** Opening Input data block **

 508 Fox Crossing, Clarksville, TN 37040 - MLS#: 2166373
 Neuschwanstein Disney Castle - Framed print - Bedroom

** Closing Input data block **
** Opening Input data block **

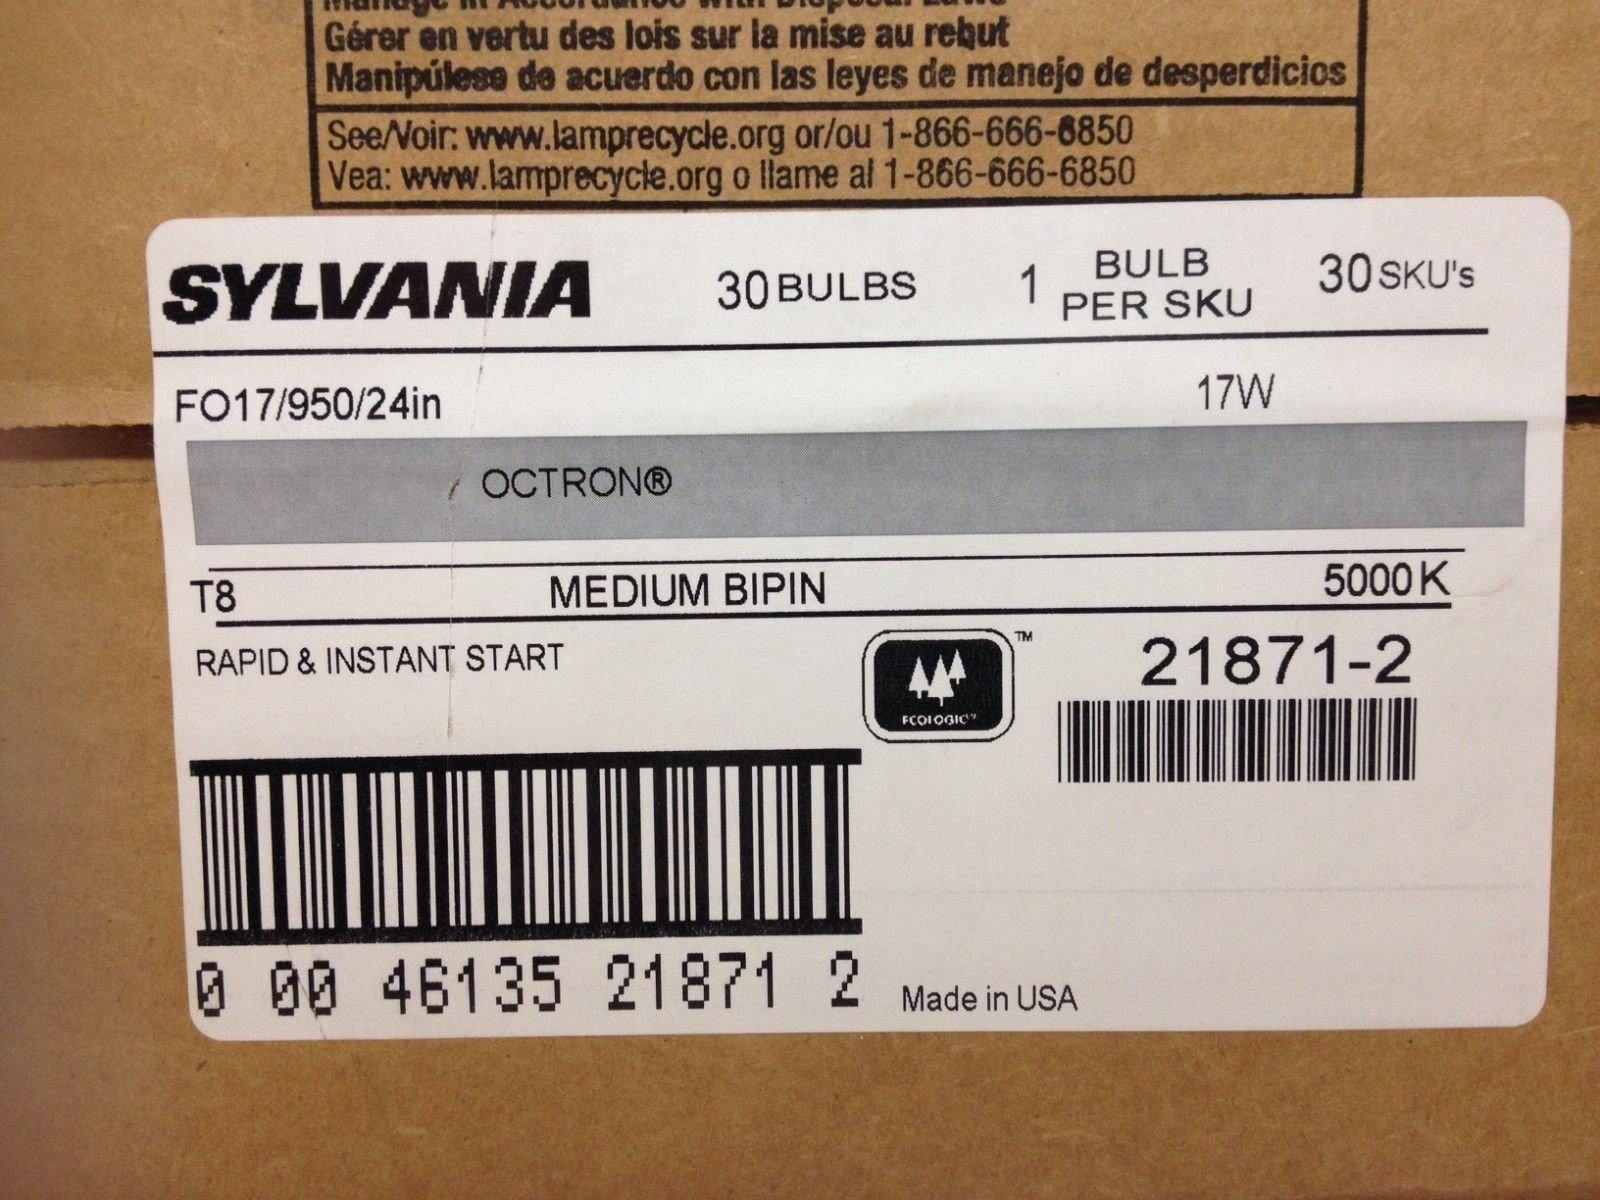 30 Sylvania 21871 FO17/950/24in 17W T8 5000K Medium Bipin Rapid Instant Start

** Closing Input data block **

▶ Instructions for the task
Transcribe the lines above between the line holding "508 Fox Crossing, Clarksville, TN" and the line holding "Neuschwanstein Disney Castle", inclusive, exactly as they stand and with nothing added.

▶ Solution
 508 Fox Crossing, Clarksville, TN 37040 - MLS#: 2166373
 Neuschwanstein Disney Castle - Framed print - Bedroom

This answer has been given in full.